During the parse, the database performs a shared pool check to determine whether it can skip resource-intensive steps of statement processing. To this end, the database uses a hashing algorithm to generate a hash value for every SQL statement. The statement hash value is the SQL ID shown in VSQL.SQL_ID.

When a user submits a SQL statement, the database searches the shared SQL area to see if an existing parsed statement has the same hash value. The hash value of a SQL statement is distinct from the following values:

  • Memory address for the statement

Oracle Database uses the SQL ID to perform a keyed read in a lookup table. In this way, the database obtains possible memory addresses of the statement.

  • Hash value of an execution plan for the statement

A SQL statement can have multiple plans in the shared pool. Each plan has a different hash value. If the same SQL ID has multiple plan hash values, then the database knows that multiple plans exist for this SQL ID.

The figure below is a simplified representation of a shared pool check of an UPDATE statement in a dedicated server architecture.

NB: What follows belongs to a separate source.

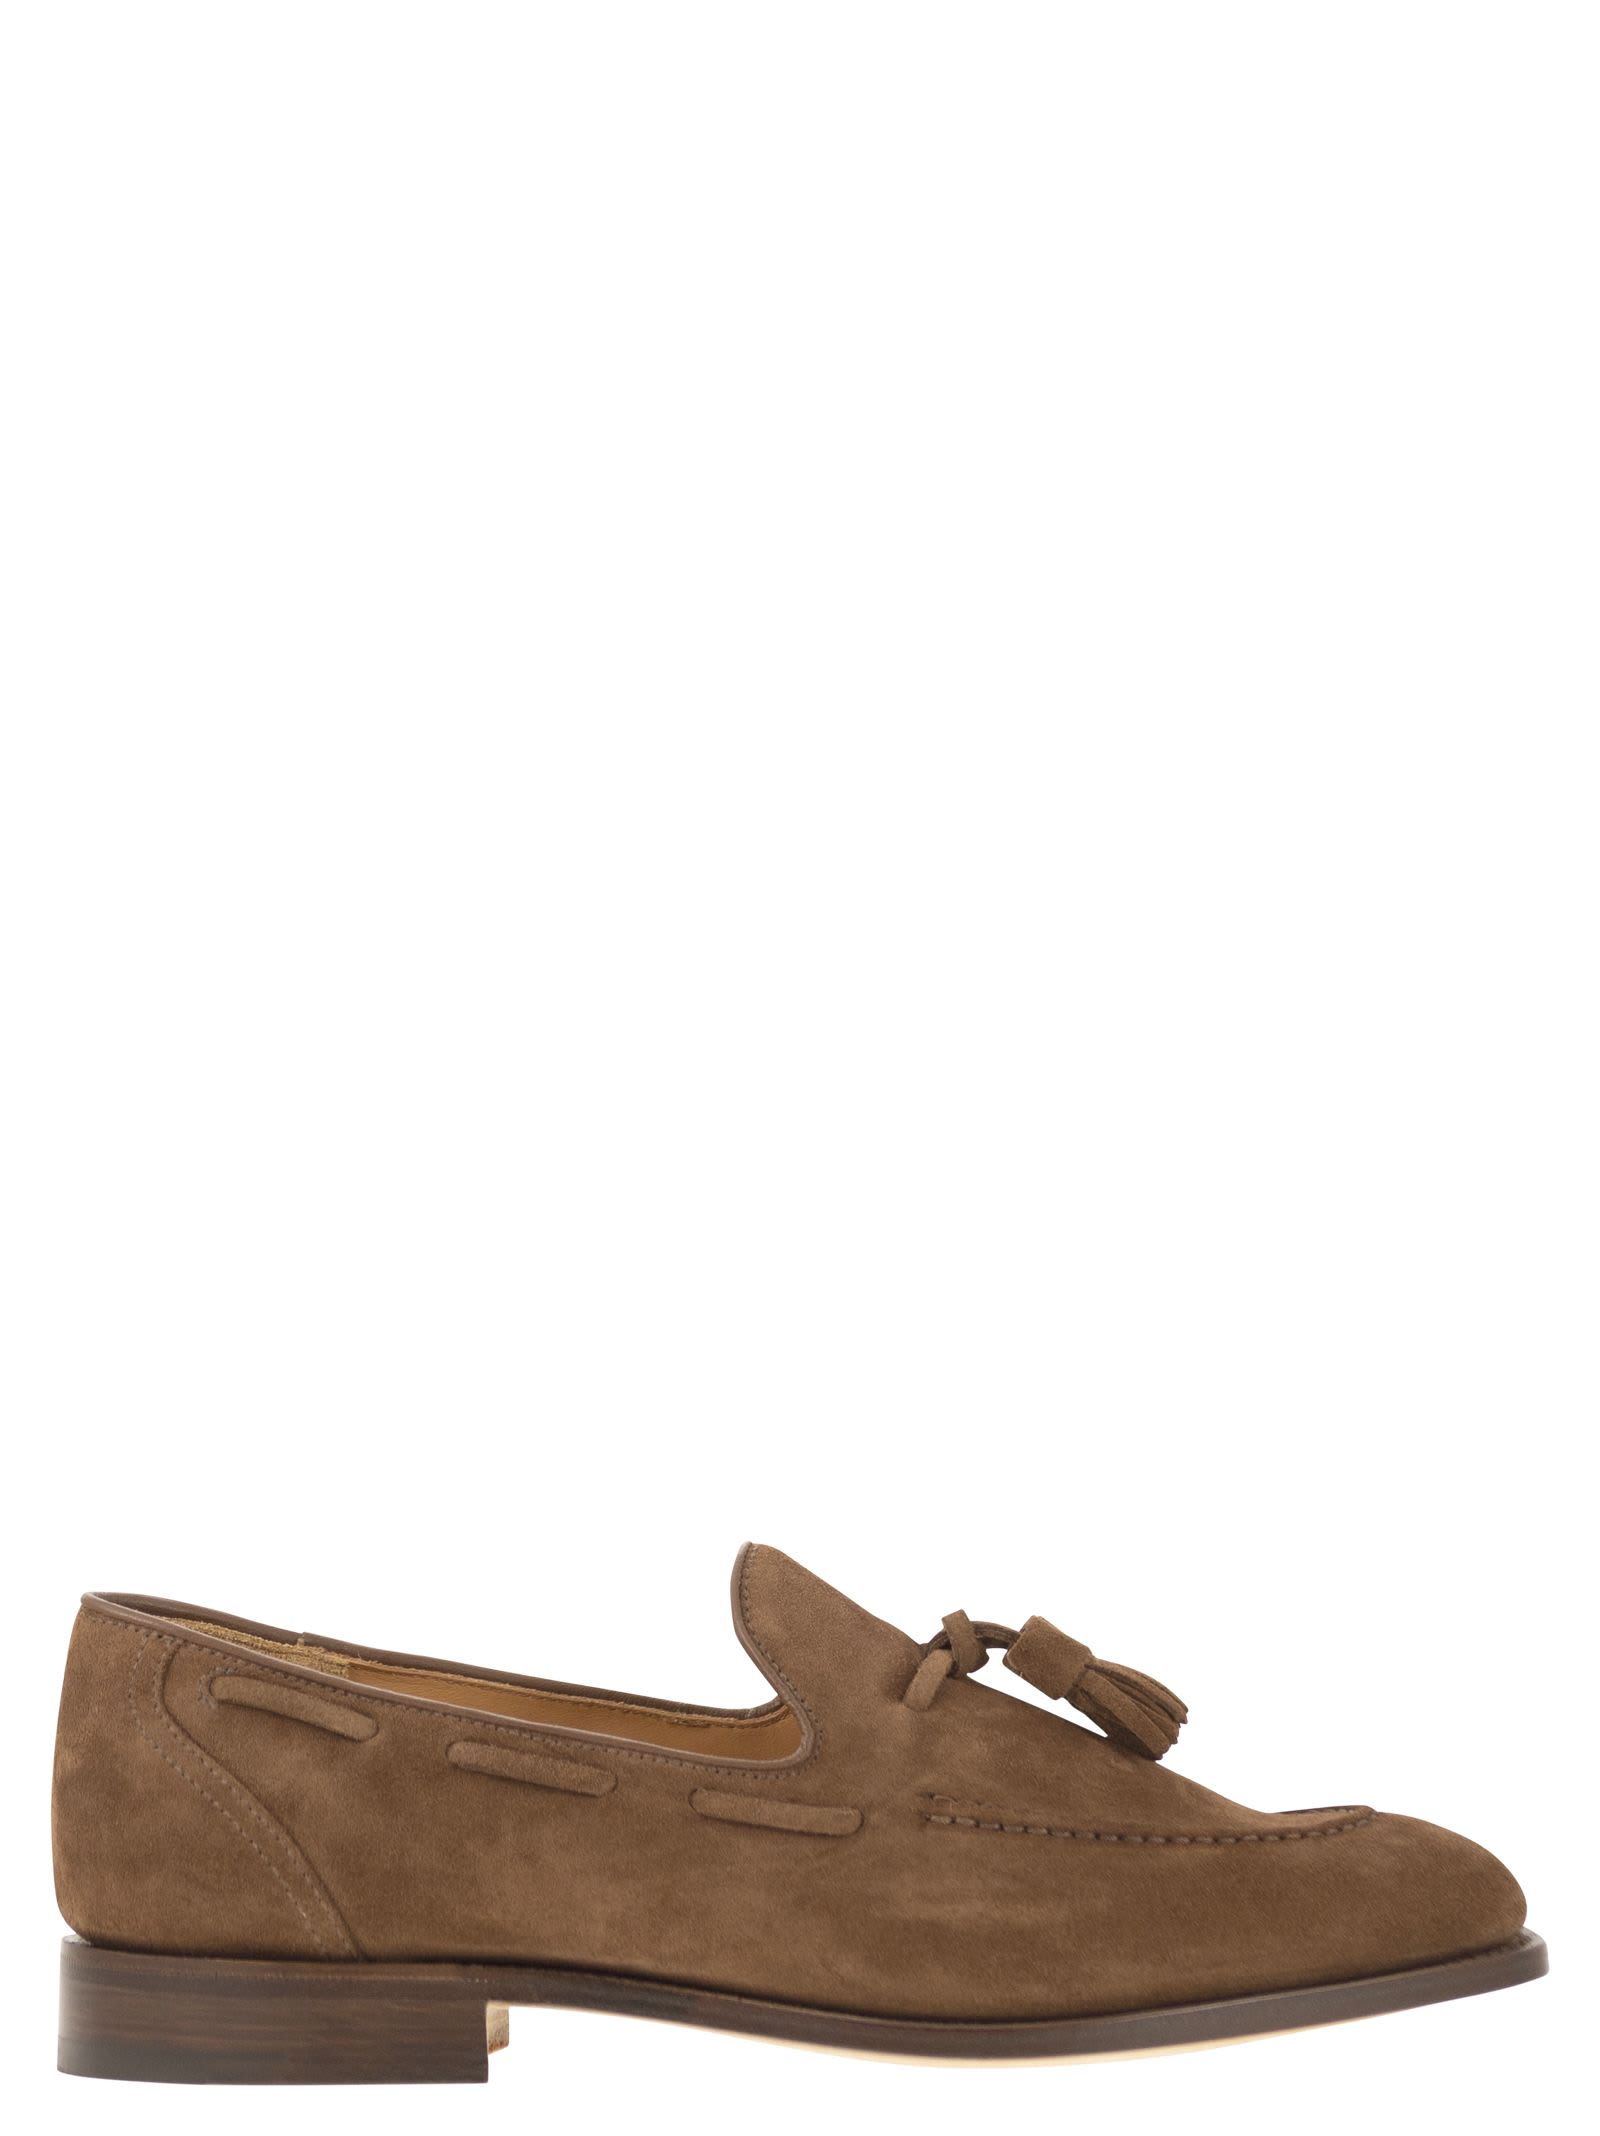 Soft Suede Moccasin

Comparison of hash value between the PGA and the SGA.

Oracle Database Shared Pool Check

Categories

Parse operations fall into the following categories, depending on the type of statement submitted and the result of the hash check:

Hard

If Oracle Database cannot reuse existing code, then it must build a new executable version of the application code. This operation is known as a hard parse, or a library cache miss. The database always perform a hard parse of DDL. During the hard parse, the database accesses the library cache and data dictionary cache numerous times to check the data dictionary. When the database accesses these areas, it uses a serialization device called a latch on required objects so that their definition does not change (see “Latches”). Latch contention increases statement execution time and decreases concurrency.

Soft

A soft parse is any parse that is not a hard parse. If the submitted statement is the same as a reusable SQL statement in memory, then the database reuses the existing code. This reuse of code is also called a library cache hit.

Soft parses can vary in the amount of work they perform. For example, configuring the session shared SQL area can sometimes reduce the amount of latching in the soft parses, making them “softer.”

In general, a soft parse is preferable to a hard parse because the database skips the optimization and row source generation steps, proceeding straight to execution.

Example

Identical syntax is not sufficient

If a check determines that a statement in the shared pool has the same hash value, then the database performs semantic and environment checks to determine whether the statements mean the same. Identical syntax is not sufficient. For example, suppose two different users log in to the database and issue the following SQL statements:

CREATE TABLE my_table ( some_col INTEGER );
SELECT * FROM my_table;

The SELECT statements for the two users are syntactically identical, but two separate schema objects are named my_table. This semantic difference means that the second statement cannot reuse the code for the first statement.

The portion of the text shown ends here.